“There was never a time in my life,” she continued softly, “when I felt that I needed a friend more. I am afraid that my sister has prejudiced you against me, Mr. Tavernake. Beatrice is very young, and the young are not always sympathetic, you know. They do not make allowances, they do not understand.”
“Why did you tell Mr. Dowling things which were not true?” he asked bluntly.
She sighed, and looked down at the handkerchief with which she had been toying.
“It was a very silly piece of conceit,” she admitted, “but, you see, I had to tell him something.”
“Why did you come to the office at all?” he continued.
“Do you really want to know that?” she whispered softly.
“Well,—”
“I will tell you,” she went on suddenly. “It sounds foolish, in a way, and yet it wasn’t really, because, you see,”—she smiled at him—” I was anxious about Beatrice. I saw you come out of the office that morning, and I recognized you at once. I knew that it was you who had been with Beatrice. I made an excuse about the house to come and see whether I could find you out.”
Tavernake, in whom the vanity was not yet born, missed wholly the significance of her smile, her trifling hesitation.
“All that,” he declared, “is no reason why you should have told Mr. Dowling that your husband was a millionaire and had given you carte blanche about taking a house.”
“Did I mention—my husband?”
“Distinctly,” he assured her.
For the first time she had faltered in her speech. Tavernake felt that she herself was shaken by some emotion. Her eyes for a moment were strangely-lit; something had come into her face which he did not understand. Then it passed. The delightful smile, half deprecating, half appealing, once more parted her lips; the gleam of horror no longer shone in her blue eyes.

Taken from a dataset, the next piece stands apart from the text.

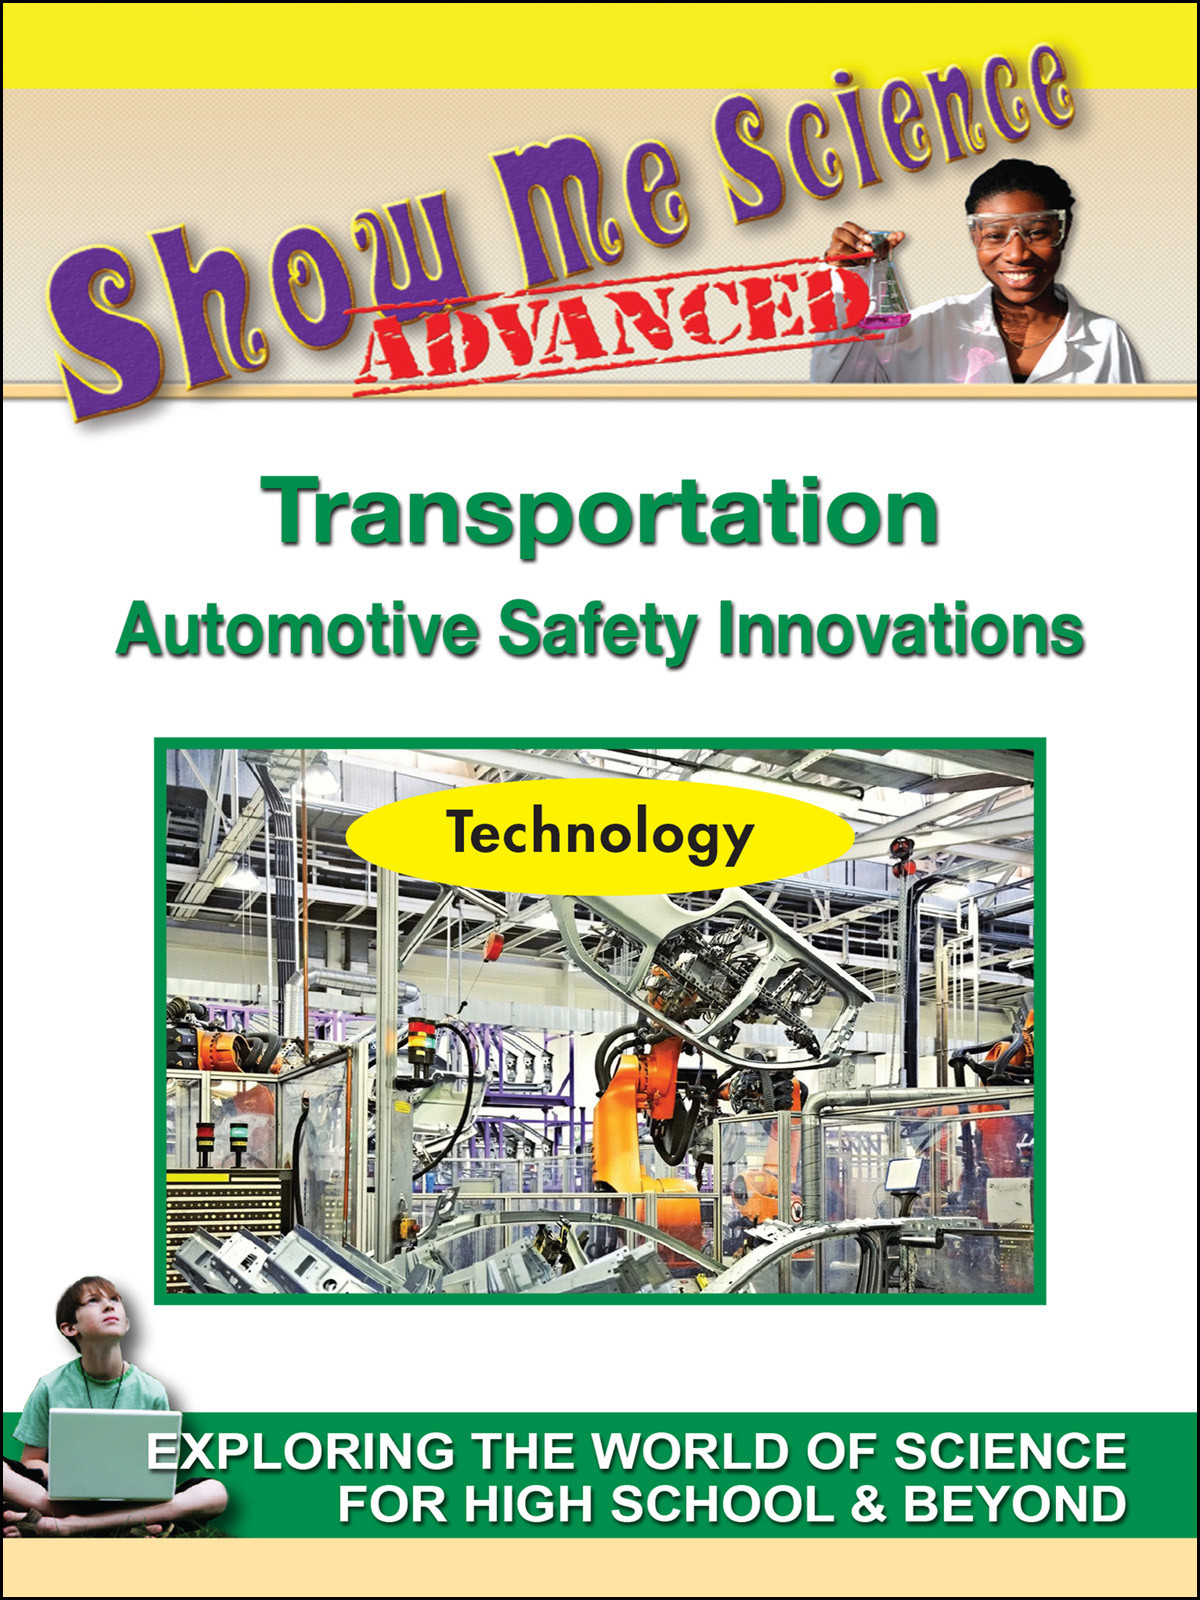 K4606 - Transportation Automotive Safety Innovations

“I am always so foolish about money,” she declared, “so ignorant that I never know how I stand, but really I think that I have plenty, and a hundred or two more or less for rent didn’t seem to matter much.”
It was a point of view, this, which Tavernake utterly failed to comprehend. He looked at her in surprise.
“I suppose,” he protested, “you know how much a year you have to live on?”
She shook her head.
“It seems to vary all the time,” she sighed. “There are so many complications.”
He looked at her in amazement.
“After all,” he admitted, “you don’t look as though you had much of a head for figures.”
“If only I had some one to help me!” she murmured.
Tavernake moved uneasily in his chair. His sense of danger was growing.
“If you will excuse me now,” he said, “I think that I must be getting back. I am an employee at Dowling, Spence & Company’s, you know, and my time is not quite my own. I only came because I promised to.”